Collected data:
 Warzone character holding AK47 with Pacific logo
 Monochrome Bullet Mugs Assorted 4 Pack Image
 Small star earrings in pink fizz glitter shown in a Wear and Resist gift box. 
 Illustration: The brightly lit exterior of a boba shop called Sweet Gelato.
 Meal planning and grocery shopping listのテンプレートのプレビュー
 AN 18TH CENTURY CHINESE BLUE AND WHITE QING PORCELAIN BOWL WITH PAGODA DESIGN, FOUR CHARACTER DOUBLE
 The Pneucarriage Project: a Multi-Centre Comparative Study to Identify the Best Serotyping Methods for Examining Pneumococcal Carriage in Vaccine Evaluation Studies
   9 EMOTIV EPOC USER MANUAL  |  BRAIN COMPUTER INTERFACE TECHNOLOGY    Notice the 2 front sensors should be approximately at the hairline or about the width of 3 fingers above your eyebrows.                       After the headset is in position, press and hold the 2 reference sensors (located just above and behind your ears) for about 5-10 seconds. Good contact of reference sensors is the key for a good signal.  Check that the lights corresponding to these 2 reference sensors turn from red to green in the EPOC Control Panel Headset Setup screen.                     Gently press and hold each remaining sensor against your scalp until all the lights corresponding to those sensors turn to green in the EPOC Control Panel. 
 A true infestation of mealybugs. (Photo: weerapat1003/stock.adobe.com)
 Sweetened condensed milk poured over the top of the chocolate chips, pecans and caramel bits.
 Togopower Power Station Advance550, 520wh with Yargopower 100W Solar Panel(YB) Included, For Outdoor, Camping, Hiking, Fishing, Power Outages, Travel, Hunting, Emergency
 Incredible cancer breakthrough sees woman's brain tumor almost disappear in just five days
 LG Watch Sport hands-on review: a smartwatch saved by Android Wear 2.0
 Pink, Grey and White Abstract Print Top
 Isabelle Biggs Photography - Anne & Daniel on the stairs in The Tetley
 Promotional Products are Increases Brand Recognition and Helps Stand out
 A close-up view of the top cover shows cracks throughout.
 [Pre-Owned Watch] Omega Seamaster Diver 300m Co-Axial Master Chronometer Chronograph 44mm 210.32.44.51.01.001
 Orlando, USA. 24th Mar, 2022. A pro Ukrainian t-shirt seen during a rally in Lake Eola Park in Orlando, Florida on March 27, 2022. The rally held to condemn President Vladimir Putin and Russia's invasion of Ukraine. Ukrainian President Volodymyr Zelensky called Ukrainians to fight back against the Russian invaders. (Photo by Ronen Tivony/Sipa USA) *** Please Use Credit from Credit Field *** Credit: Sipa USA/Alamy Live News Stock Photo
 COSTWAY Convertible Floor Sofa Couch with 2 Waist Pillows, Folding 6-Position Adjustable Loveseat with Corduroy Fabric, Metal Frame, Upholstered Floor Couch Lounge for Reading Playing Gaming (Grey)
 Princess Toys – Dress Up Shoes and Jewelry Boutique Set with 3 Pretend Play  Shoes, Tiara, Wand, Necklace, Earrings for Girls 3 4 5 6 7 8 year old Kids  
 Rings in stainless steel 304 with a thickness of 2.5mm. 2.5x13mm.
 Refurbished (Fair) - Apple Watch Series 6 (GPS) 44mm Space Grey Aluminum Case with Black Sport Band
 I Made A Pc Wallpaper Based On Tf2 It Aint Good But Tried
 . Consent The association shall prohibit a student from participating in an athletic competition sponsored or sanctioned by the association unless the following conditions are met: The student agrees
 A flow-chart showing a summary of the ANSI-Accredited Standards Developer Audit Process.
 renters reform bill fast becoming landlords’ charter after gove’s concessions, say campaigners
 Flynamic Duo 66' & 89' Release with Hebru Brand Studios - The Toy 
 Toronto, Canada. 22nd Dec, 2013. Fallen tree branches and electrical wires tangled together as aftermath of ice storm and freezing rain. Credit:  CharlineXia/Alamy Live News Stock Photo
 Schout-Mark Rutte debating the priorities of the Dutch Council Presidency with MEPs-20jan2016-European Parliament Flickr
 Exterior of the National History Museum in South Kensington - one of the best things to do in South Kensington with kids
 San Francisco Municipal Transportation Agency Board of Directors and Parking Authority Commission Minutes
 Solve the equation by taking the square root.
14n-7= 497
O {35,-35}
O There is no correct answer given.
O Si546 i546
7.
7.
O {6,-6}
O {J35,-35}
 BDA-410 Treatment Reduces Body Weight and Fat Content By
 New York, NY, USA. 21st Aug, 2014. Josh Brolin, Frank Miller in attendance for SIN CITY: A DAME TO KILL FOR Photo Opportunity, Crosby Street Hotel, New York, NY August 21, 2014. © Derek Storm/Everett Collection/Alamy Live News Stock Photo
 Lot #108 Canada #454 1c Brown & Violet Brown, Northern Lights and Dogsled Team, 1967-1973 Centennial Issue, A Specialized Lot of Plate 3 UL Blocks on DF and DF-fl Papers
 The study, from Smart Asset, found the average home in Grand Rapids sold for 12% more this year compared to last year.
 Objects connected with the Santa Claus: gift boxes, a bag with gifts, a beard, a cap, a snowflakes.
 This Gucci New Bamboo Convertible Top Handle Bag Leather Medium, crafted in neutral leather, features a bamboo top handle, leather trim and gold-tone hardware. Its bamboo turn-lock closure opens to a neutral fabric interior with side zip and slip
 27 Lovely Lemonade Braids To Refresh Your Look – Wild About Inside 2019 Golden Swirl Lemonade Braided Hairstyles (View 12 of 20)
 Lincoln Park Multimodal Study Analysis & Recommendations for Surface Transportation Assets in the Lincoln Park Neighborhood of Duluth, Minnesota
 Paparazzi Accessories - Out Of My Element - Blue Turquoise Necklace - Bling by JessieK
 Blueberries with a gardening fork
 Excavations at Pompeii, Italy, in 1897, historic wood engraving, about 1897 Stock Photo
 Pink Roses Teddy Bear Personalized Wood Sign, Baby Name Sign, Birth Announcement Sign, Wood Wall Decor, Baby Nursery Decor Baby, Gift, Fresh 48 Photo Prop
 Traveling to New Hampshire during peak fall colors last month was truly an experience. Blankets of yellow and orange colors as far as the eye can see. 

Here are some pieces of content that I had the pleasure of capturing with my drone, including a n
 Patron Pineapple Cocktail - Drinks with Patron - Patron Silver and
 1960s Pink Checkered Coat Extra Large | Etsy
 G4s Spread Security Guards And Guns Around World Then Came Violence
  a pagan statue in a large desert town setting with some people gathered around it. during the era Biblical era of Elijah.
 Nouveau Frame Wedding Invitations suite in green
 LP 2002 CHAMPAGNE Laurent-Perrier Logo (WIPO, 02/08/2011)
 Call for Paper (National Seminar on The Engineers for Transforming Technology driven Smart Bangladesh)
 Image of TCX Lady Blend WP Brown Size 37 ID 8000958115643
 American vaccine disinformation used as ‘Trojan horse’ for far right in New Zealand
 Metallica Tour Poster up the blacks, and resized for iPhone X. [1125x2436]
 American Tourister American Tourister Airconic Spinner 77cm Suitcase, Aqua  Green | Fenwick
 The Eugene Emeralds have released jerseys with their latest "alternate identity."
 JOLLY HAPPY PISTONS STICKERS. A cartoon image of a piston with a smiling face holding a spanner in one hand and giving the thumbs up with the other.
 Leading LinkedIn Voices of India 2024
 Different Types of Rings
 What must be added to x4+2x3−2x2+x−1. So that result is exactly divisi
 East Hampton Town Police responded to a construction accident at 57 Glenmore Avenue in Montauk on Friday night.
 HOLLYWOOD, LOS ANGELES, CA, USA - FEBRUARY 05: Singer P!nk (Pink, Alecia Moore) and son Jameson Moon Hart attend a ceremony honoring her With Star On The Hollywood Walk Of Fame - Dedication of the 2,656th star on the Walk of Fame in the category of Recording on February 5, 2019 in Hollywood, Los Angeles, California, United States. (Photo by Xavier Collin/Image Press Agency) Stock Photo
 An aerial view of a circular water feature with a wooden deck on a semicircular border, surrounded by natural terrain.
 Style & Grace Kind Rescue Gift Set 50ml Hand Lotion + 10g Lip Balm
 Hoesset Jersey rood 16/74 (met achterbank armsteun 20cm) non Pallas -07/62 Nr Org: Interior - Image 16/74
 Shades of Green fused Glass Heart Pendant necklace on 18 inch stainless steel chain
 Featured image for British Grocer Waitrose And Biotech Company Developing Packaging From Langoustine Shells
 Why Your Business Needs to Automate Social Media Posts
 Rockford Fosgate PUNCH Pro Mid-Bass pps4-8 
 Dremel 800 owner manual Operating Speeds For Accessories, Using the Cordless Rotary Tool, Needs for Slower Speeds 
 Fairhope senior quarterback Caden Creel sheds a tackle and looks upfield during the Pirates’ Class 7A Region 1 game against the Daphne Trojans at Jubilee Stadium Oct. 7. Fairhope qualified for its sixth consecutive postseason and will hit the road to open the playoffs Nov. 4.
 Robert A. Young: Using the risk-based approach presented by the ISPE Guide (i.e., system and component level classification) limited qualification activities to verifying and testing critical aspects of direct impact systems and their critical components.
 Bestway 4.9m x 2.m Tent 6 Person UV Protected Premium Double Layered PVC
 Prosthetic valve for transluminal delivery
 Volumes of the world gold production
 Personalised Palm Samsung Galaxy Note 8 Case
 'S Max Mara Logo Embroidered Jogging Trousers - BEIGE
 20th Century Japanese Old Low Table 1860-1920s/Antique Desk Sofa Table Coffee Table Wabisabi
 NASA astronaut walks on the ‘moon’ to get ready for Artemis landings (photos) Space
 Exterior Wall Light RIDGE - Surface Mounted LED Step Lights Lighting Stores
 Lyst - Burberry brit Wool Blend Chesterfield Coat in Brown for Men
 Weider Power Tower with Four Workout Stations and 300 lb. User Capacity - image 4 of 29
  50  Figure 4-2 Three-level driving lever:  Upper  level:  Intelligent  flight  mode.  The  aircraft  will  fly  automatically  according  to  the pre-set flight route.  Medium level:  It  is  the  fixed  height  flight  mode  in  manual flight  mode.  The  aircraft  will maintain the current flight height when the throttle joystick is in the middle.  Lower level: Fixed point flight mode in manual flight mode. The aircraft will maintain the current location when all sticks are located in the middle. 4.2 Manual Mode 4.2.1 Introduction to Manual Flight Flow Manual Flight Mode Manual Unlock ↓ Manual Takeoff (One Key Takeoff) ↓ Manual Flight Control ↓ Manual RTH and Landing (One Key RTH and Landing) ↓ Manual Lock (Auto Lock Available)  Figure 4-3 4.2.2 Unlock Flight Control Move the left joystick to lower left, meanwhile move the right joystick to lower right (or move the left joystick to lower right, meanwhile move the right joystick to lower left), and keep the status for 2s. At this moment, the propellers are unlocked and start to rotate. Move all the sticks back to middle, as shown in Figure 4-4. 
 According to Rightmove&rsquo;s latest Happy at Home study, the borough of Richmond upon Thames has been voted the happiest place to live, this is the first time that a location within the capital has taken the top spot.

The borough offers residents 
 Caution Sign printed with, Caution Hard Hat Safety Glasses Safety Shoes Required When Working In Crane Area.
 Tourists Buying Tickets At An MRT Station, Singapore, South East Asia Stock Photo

> _DIRECTIONS FOR THIS TASK_: Report how many lines of the preceding records include "during". Output the number only.

> _ANSWER FOR THE TASK_: 4